Design Article
Using FPGAs to solve tough DSP design challenges
Reg Zatrepalek, Hardent Inc.
7/23/2012 8:37 AM EDT
DECIDING BETWEEN TRADITIONAL DSP AND FPGA
Conventional digital signal processors have been around for many years, and there are certainly instances where they present the best solution to a particular problem. If the system sample rate is below a few kilohertz and is a single-channel implementation, the DSP may be the obvious choice. However, as sample rates increase beyond a couple of megahertz, or if the system requires more than a single channel, FPGAs become more and more attractive. At high data rates the DSP may struggle to capture, process and output the data without any loss. This is due to the many shared resources, buses and even the core within the processor. The FPGA, however, can dedicate resources to each of these functions.

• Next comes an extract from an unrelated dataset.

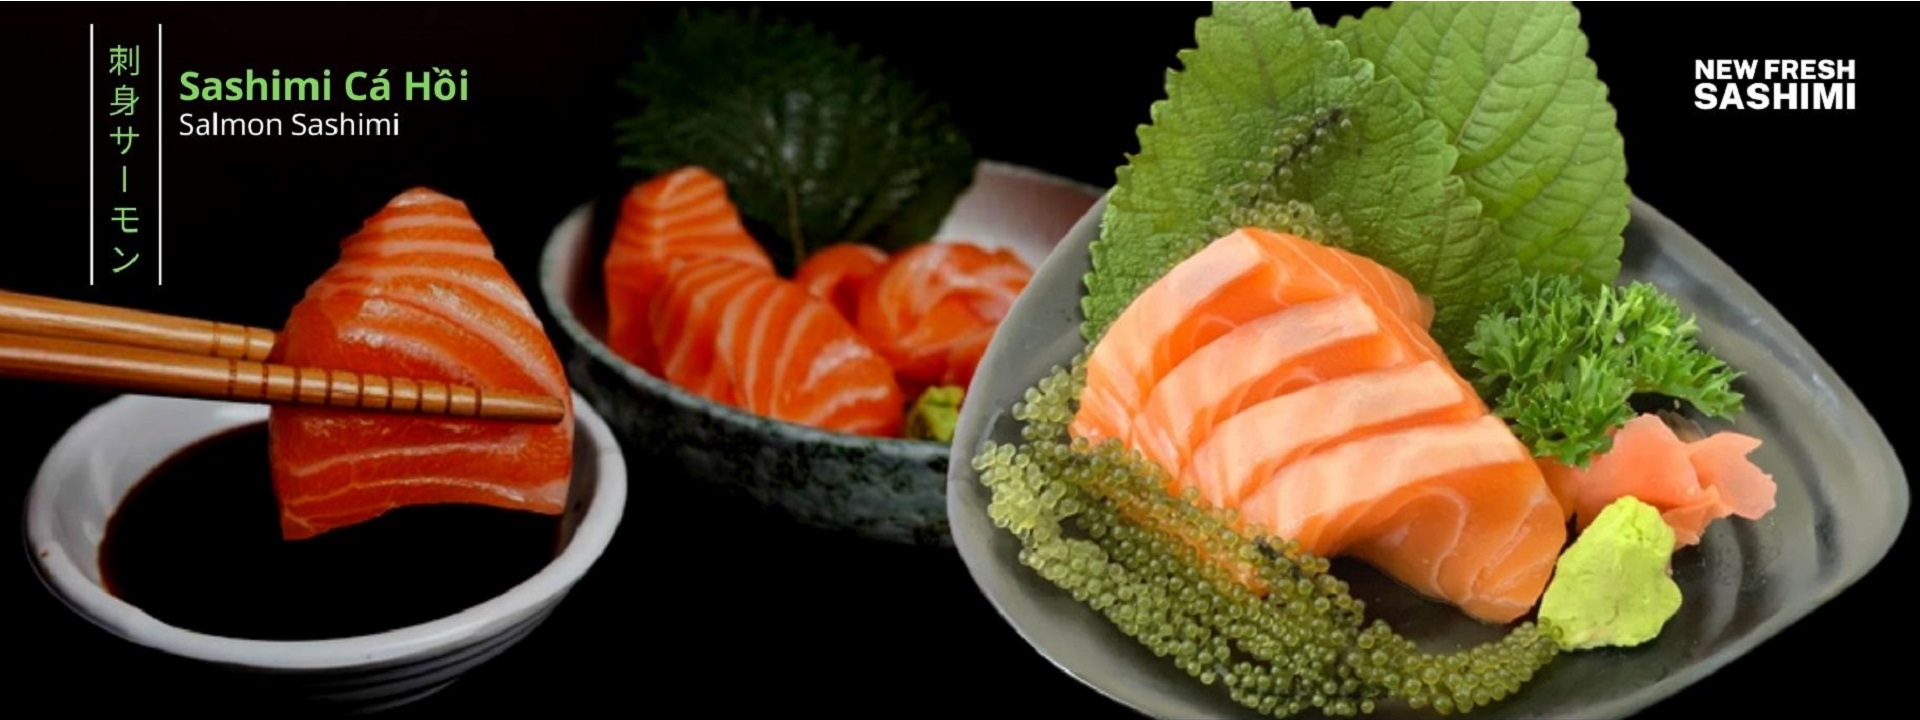 Sashimi Cá Hồi là món ăn truyền thống của Nhật thể hiện sự khéo léo và tinh tế, được chế biến tỉ mỉ từ những lát cá đến từng món gia vị ăn kèm. Sự hòa quyện hoàn hảo trong từng thớ thịt đỏ cam rực rỡ, biến hương vị của cá hồi trở nên hảo hạng. Từng lát từ

DSPs are instruction based, not clock based. Typically, three to four instructions are required for any mathematical operation on a single sample. The data must first be captured at the input, then forwarded to the processing core, cycled through that core for each operation and then released through the output. In contrast, the FPGA is clock based, so every clock cycle has the potential ability to perform a mathematical operation on the incoming data stream.
Since the DSP operates on instructions or code, the programming mechanism is standard C or, for higher performance, low-level assembly. This code may have high-level decision trees or branching operations, which may prove difficult to implement in an FPGA. A wide variety of legacy code exists to perform predefined functions or standards like audio and telephony codecs, for example.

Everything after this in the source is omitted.